BRADLEY SMOKER | "Taste the Great Outdoors"

Recipe Discussions => Meat => Topic started by: manfromplaid on February 27, 2014, 05:30:20 PM

Title: bacon temp stall
Post by: manfromplaid on February 27, 2014, 05:30:20 PM
i started to smoke some maple bacon today  all going well untill i hit 140  IT and there it sits  and hints or thoughts  would be helpful  thanks
jeff

2 hrs maple at 130  raised temp to 160. been at 160 for 6 hrs    it at 140 for 2 hrs
Title: Re: bacon temp stall
Post by: bears fan on February 27, 2014, 06:37:02 PM
I pull my bacon when it hits 140.
Title: Re: bacon temp stall
Post by: manfromplaid on February 27, 2014, 06:45:59 PM
its not going any higher so i will pull it now  also
Title: Re: bacon temp stall
Post by: bears fan on February 27, 2014, 06:52:33 PM
It will be perfect. You are going to fry it anyway so you don't want it cooked to a higher temp now. If you for whatever reason wanted it  at a higher temp now you could bump up the smoker temp.
Title: Re: bacon temp stall
Post by: Habanero Smoker on February 28, 2014, 01:55:14 AM
I find when using low temperatures to cook, once the internal temperature of the meat gets to within 20 - 25°F of the cabinet temperature, the rise of the internal temperature slows down considerably.
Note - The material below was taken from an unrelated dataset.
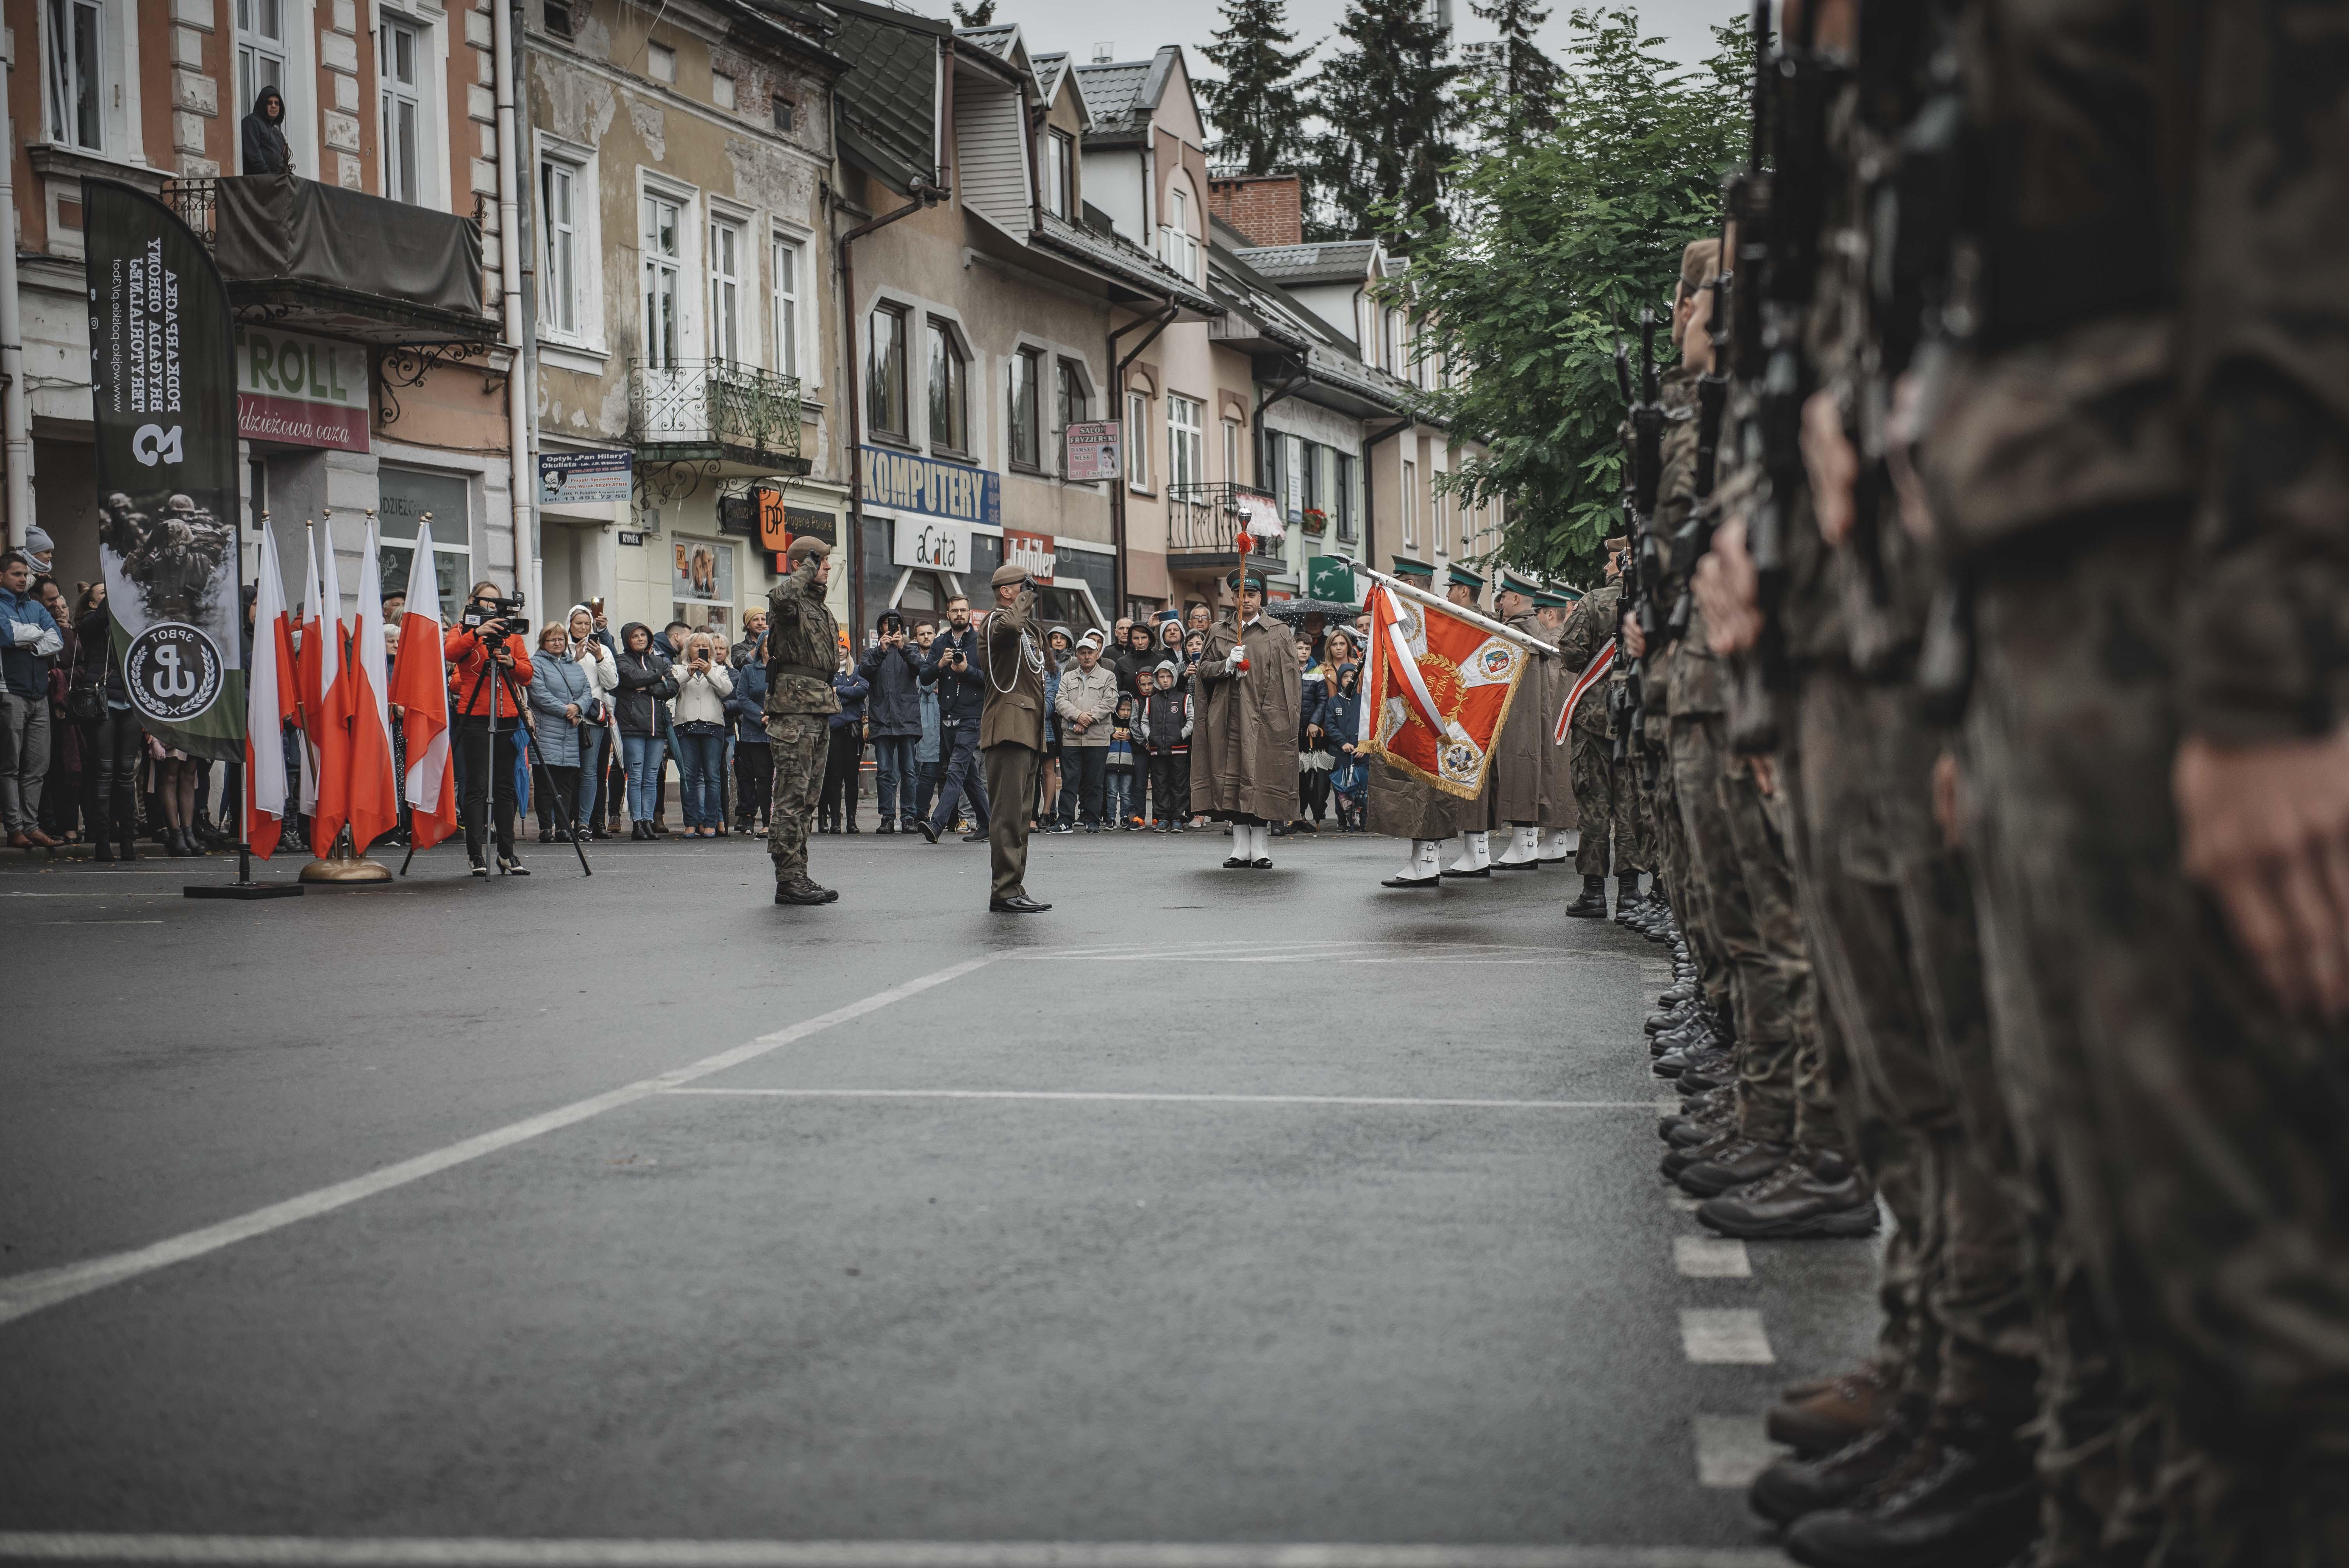 Terytorialsi złożyli przysięgę w Lesku [ZDJĘCIA] - Zdjęcie główne

In addition to the above, it is typical to see a slight stall when the internal temperature hits 140°F; when you are using a low/slow method of cooking, and even a drop in temperature. It is relatively a short period, until you will see the temperature start to rise again. So if you are cooking at a temperature of 225°F, I would say the stall will be no more then 15 - 30 minutes. Cooking at a temperature of 160°F, that stall would be much longer. I've found this stall is more noticeable when I'm smoking/cooking poultry.